DATASET:

════════════════════

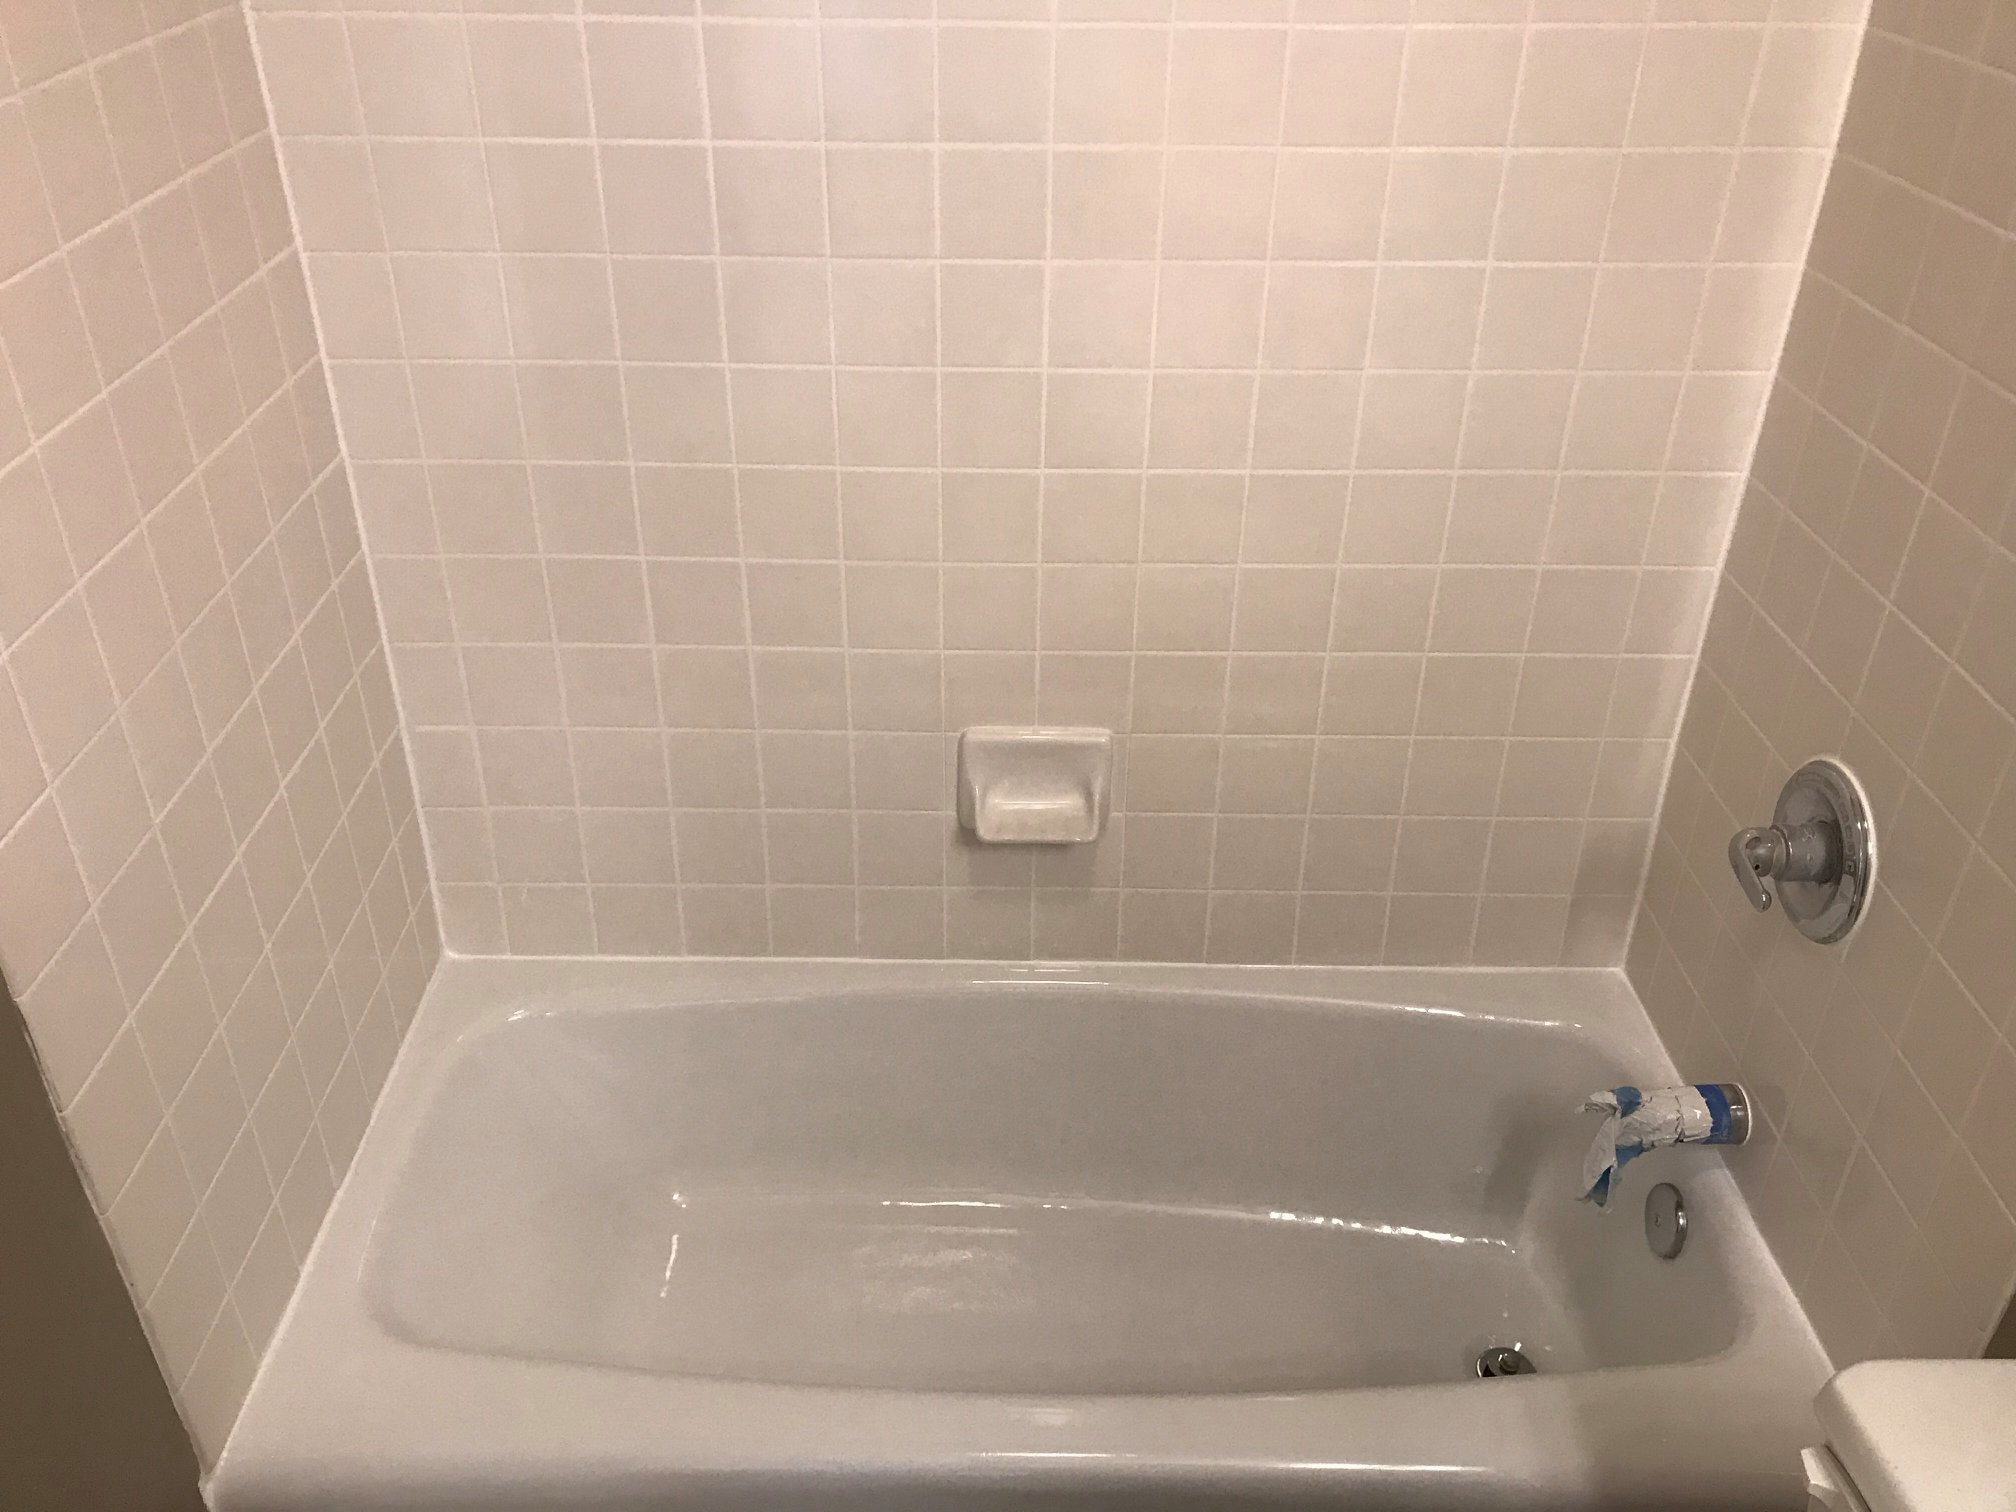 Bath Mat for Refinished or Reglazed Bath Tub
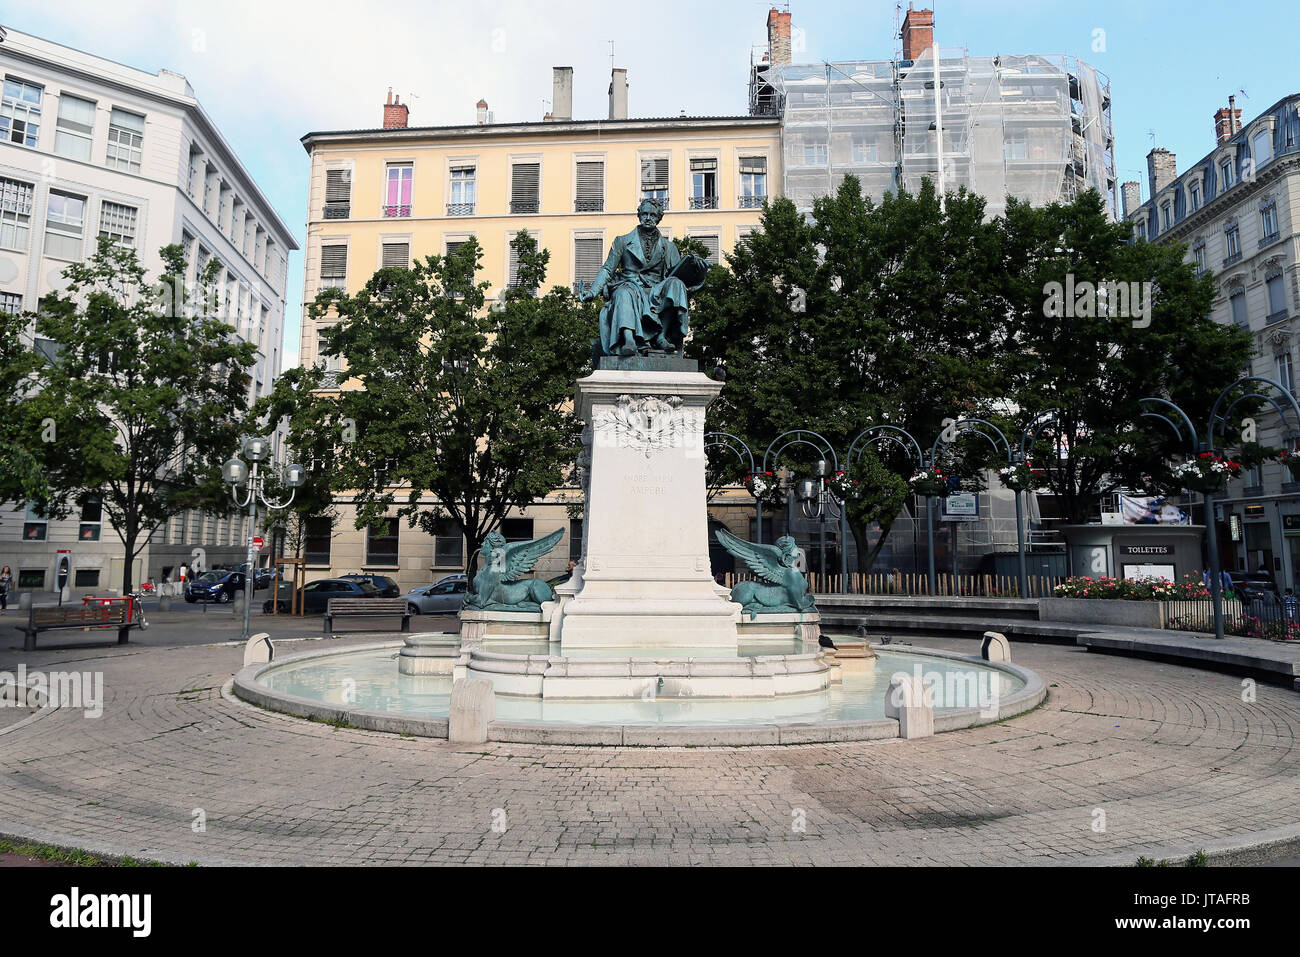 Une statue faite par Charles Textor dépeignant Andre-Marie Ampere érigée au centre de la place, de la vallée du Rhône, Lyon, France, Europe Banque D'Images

════════════════════

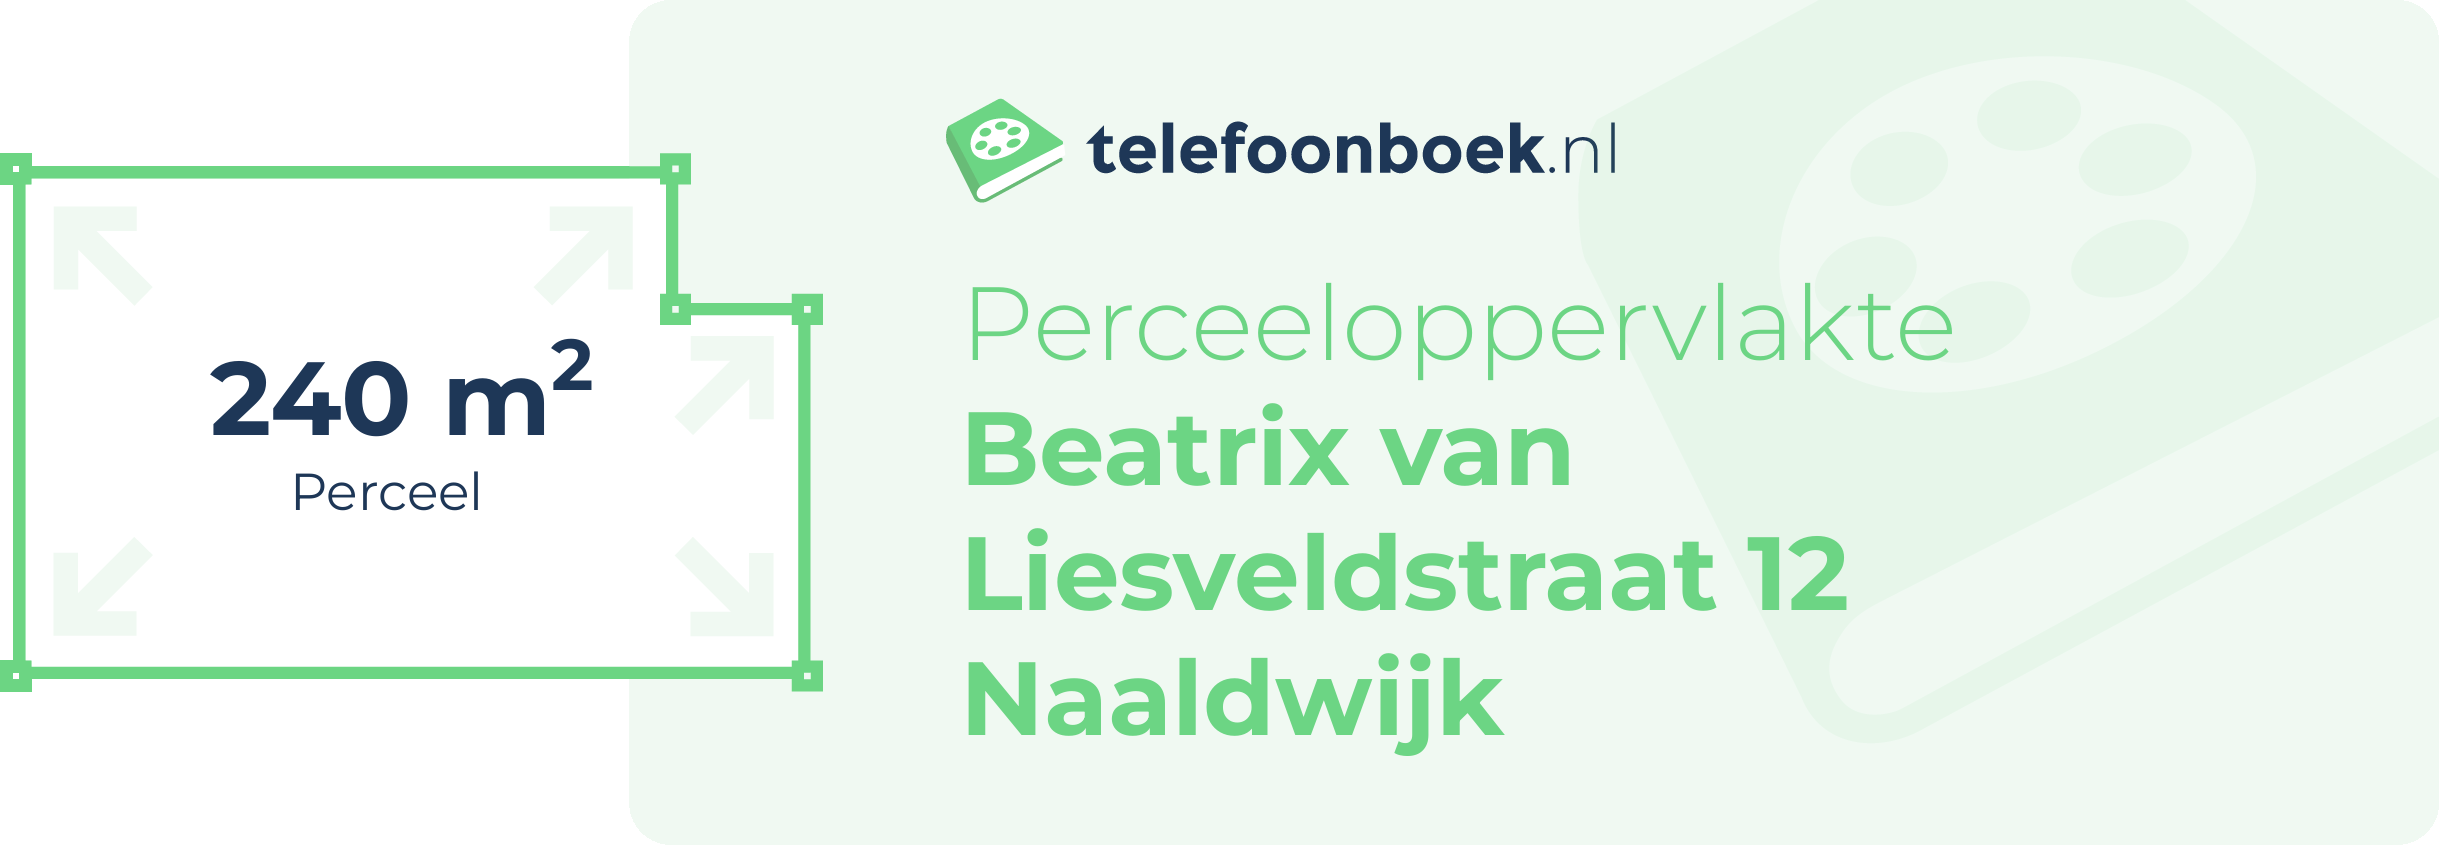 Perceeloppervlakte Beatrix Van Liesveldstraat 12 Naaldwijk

════════════════════

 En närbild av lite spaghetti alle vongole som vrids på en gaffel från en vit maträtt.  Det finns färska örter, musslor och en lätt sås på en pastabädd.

════════════════════

REQUIRED WORK: Work from the entries above. Set down exactly and only the lines from the line with "Bath Mat for Refinished or Reglazed Bath Tub" to the line with "Une statue faite", both included, and leave the pictures out.

SOLUTION FOR THIS EXERCISE:
 Bath Mat for Refinished or Reglazed Bath Tub
 Une statue faite par Charles Textor dépeignant Andre-Marie Ampere érigée au centre de la place, de la vallée du Rhône, Lyon, France, Europe Banque D'Images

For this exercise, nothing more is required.